Write the records out exactly as they read, but not the pictures.

Stored entries:
··········
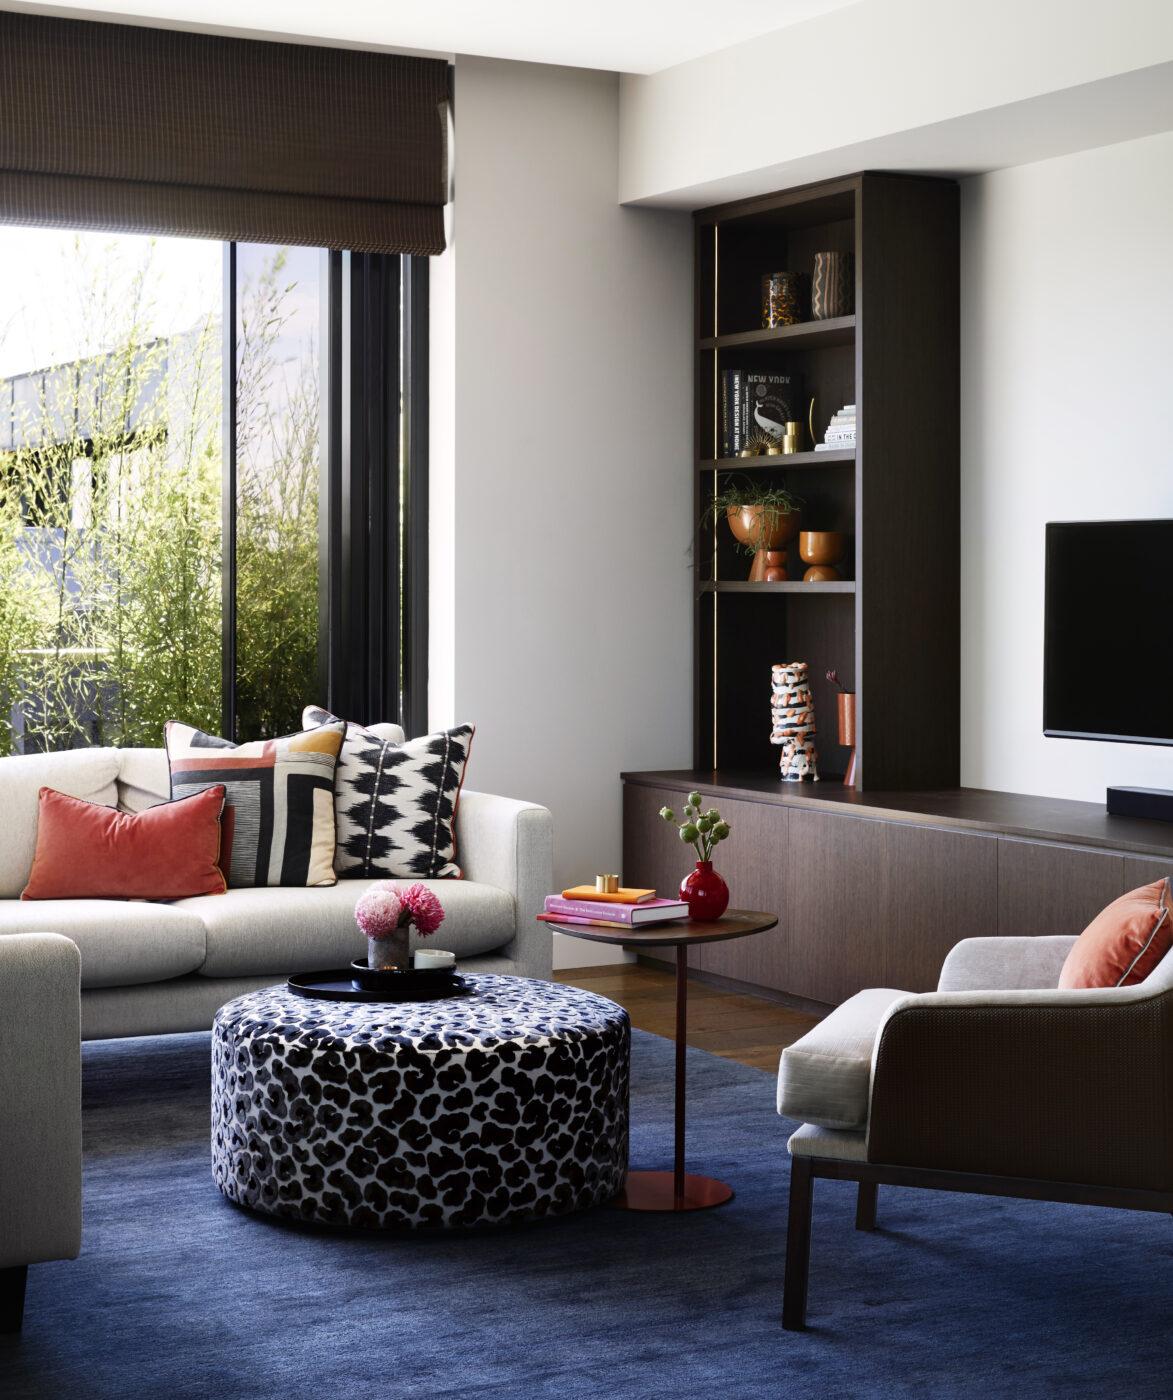 Camilla-Molders-Design-Interior-Design-Decoration-Melbourne-Hawthorn-Apartment-Interior-Design-renovation
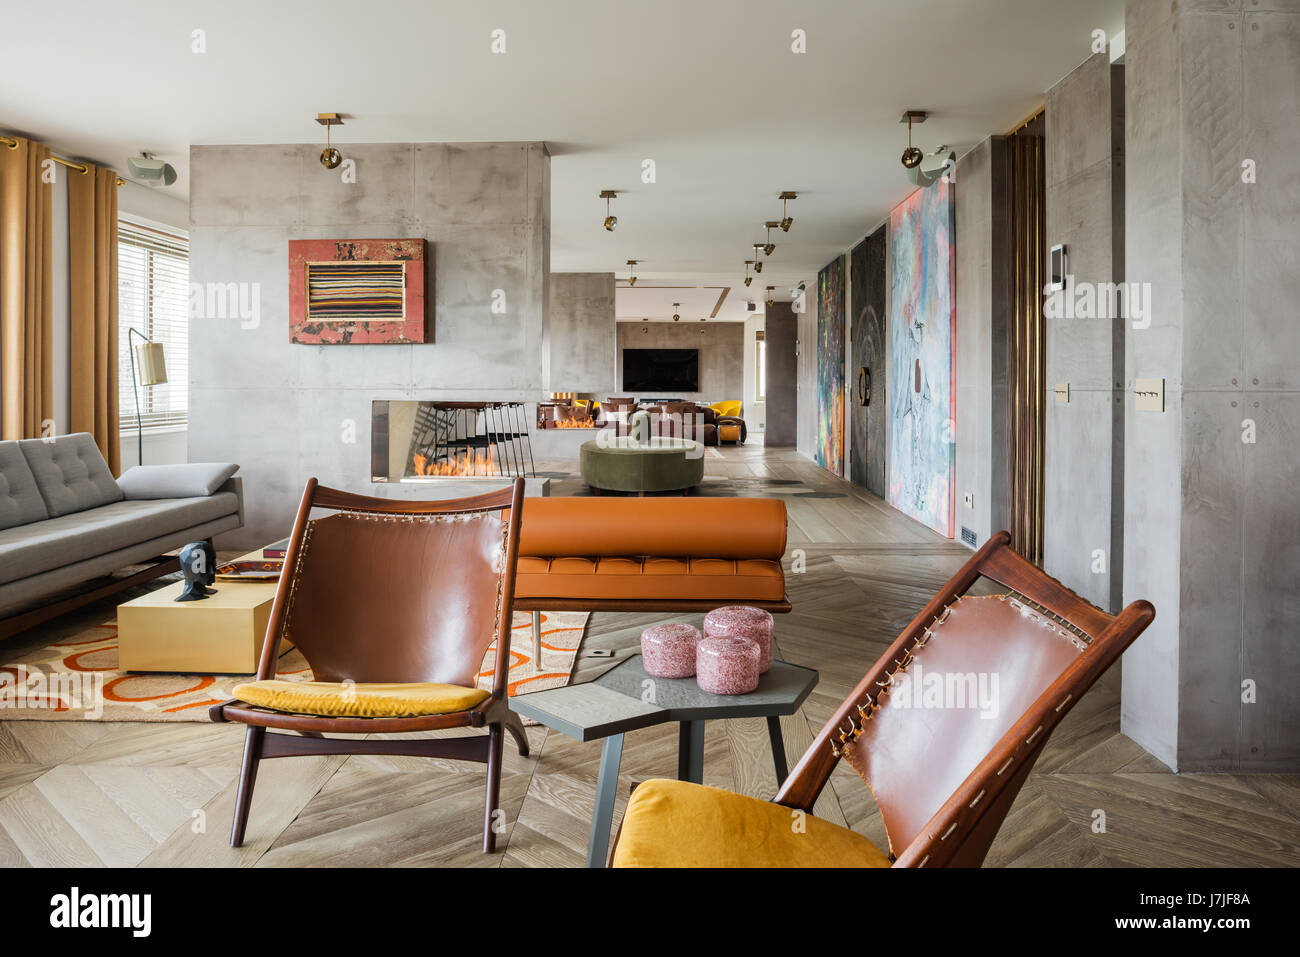 Pair of brown leather, vintage Sadler chairs in 30 meter open plan living space - Stock Image
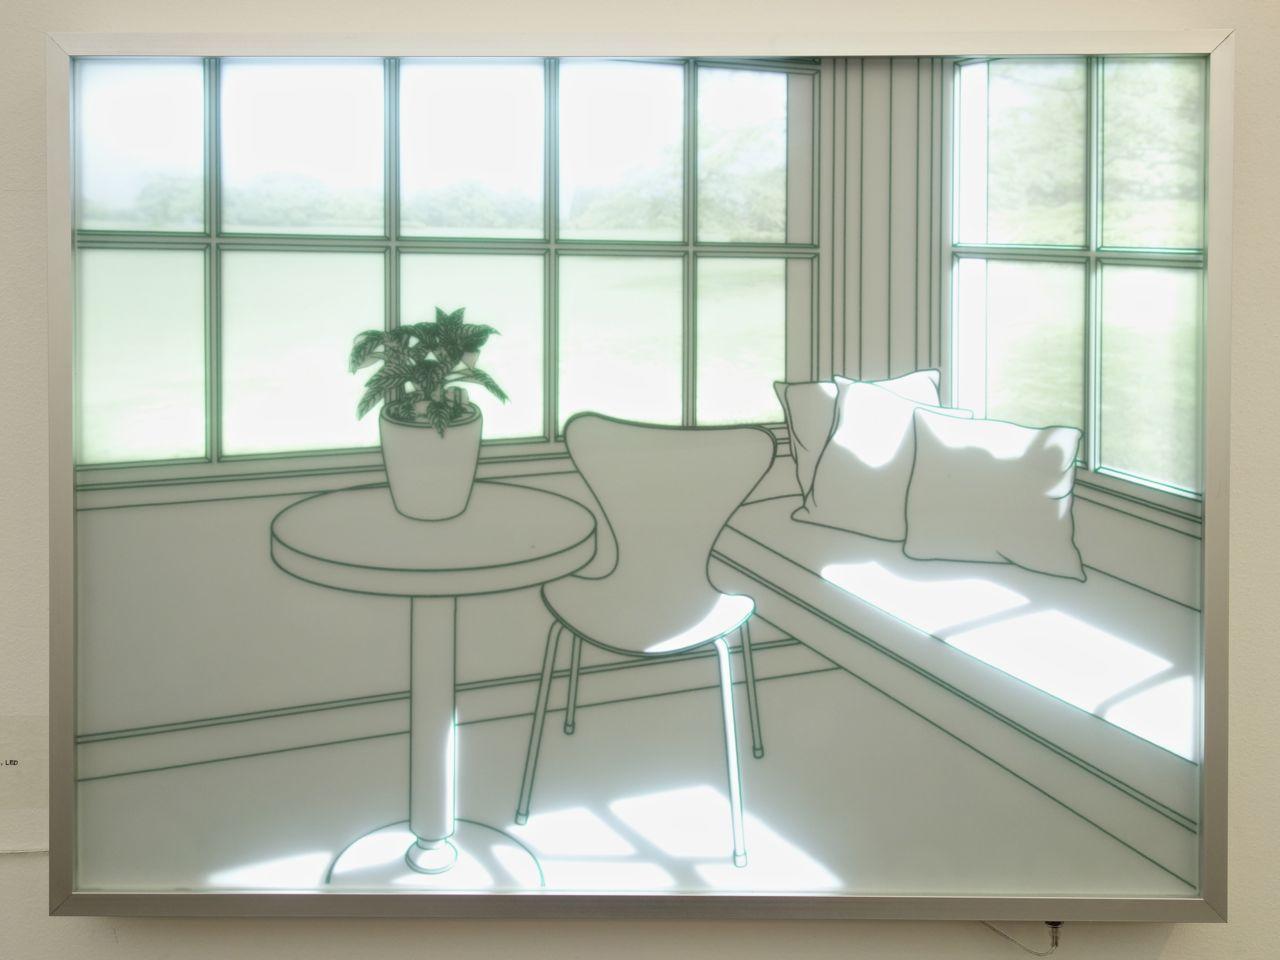 Sun Tae Hwang, 'The Sunny Room', Tempered glass, sandblast and LED, 31 x 67 x 4.5 cm. Gallery Tableau (Seoul, South Korea)
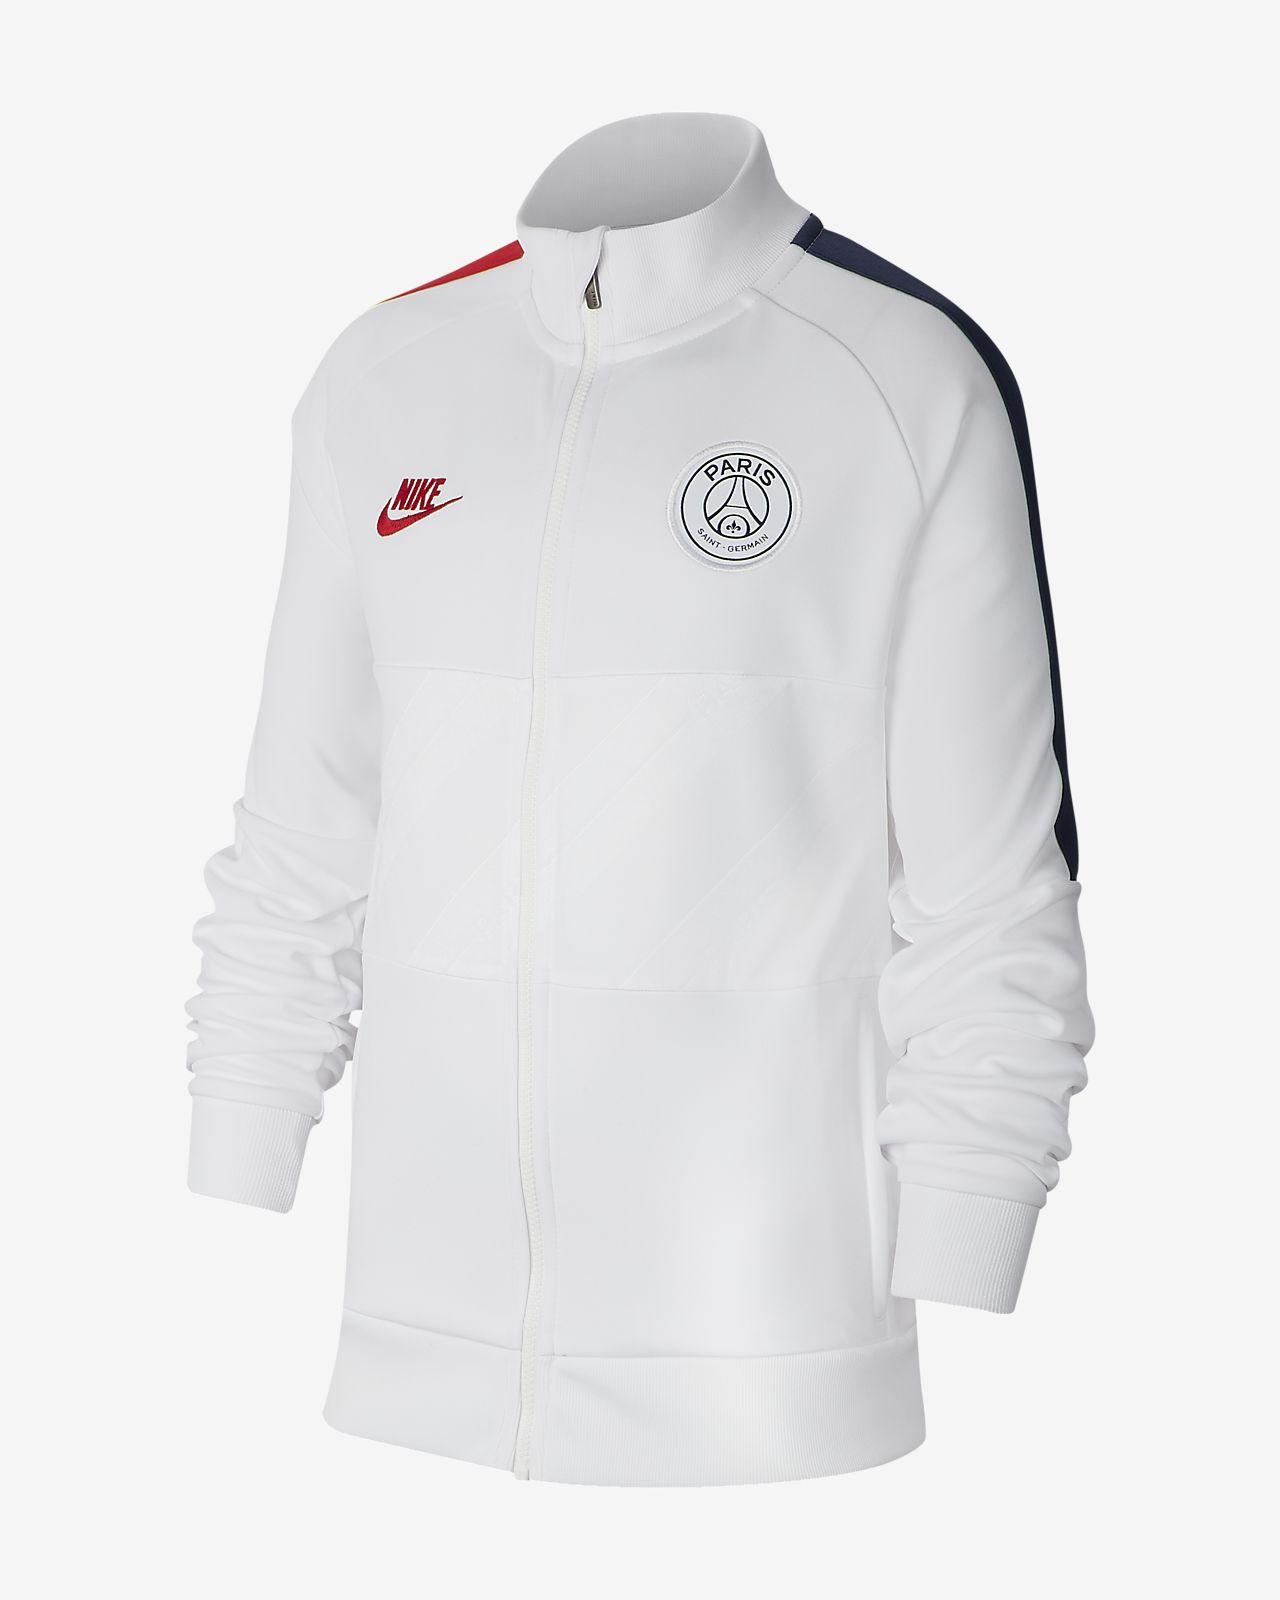 Dětská fotbalová bunda Paris Saint-Germain
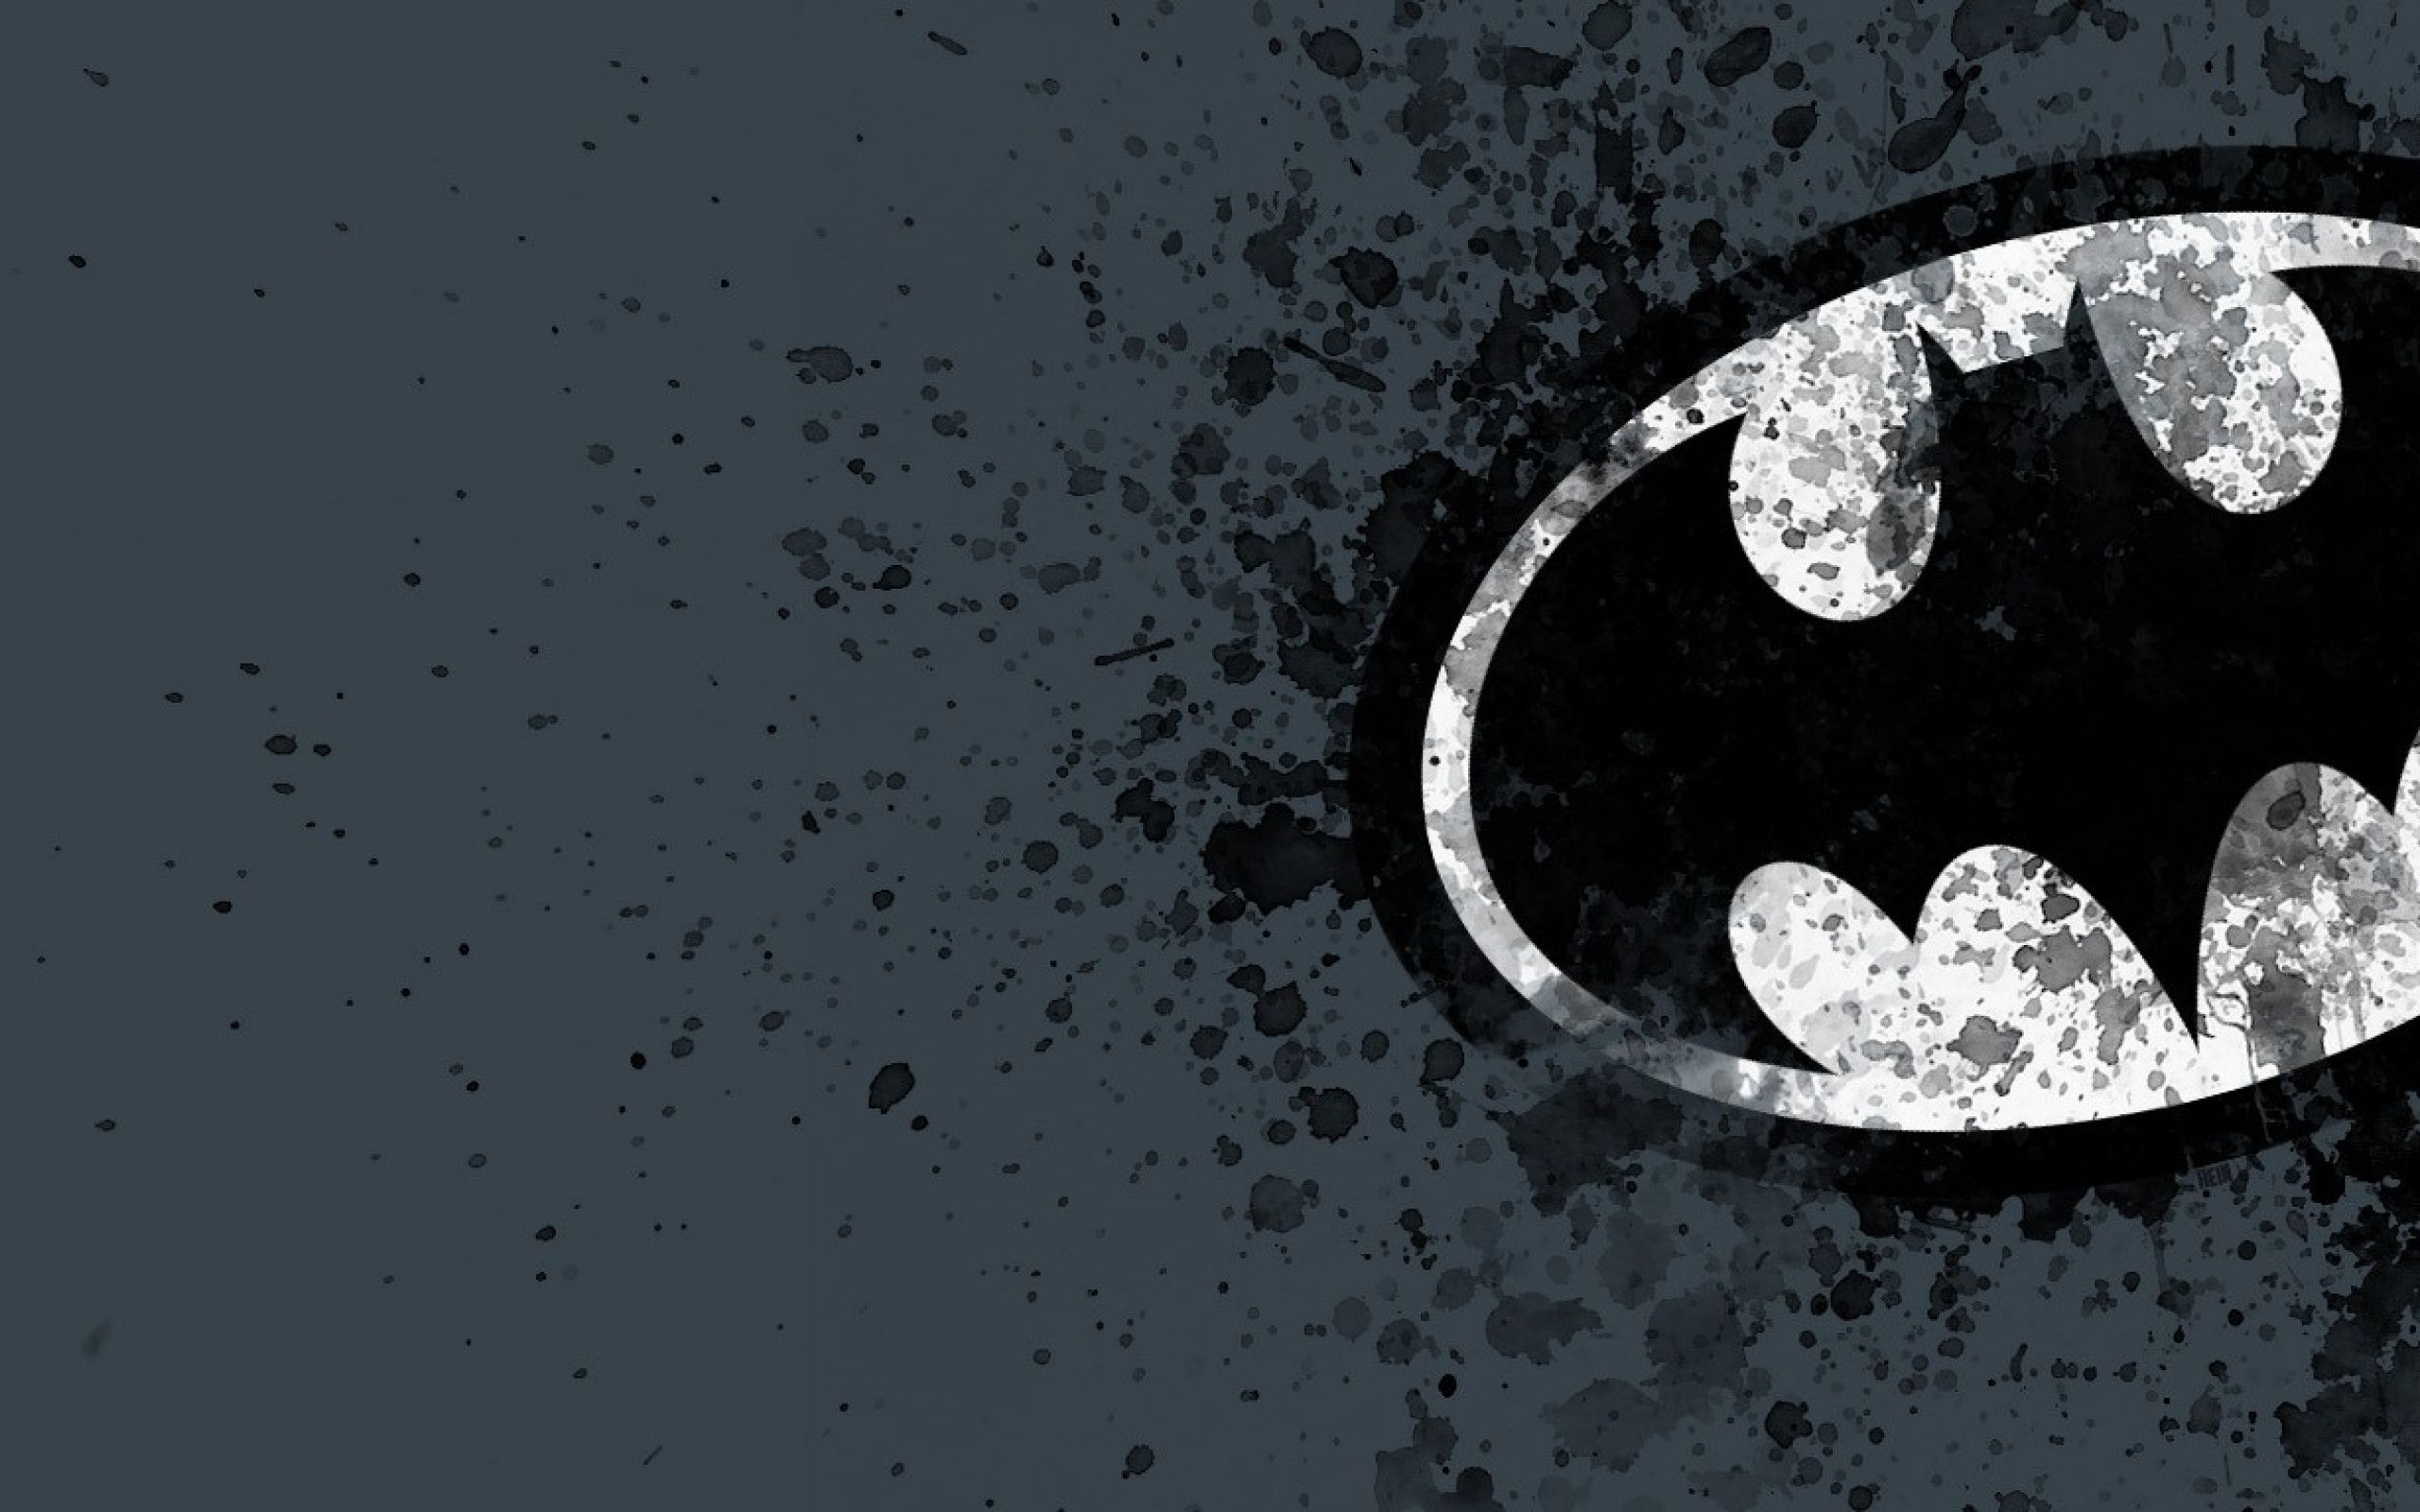 Batman Wallpapers   Full HD wallpaper search 2560x1600
··········
**Response**
 Camilla-Molders-Design-Interior-Design-Decoration-Melbourne-Hawthorn-Apartment-Interior-Design-renovation
 Pair of brown leather, vintage Sadler chairs in 30 meter open plan living space - Stock Image
 Sun Tae Hwang, 'The Sunny Room', Tempered glass, sandblast and LED, 31 x 67 x 4.5 cm. Gallery Tableau (Seoul, South Korea)
 Dětská fotbalová bunda Paris Saint-Germain
 Batman Wallpapers   Full HD wallpaper search 2560x1600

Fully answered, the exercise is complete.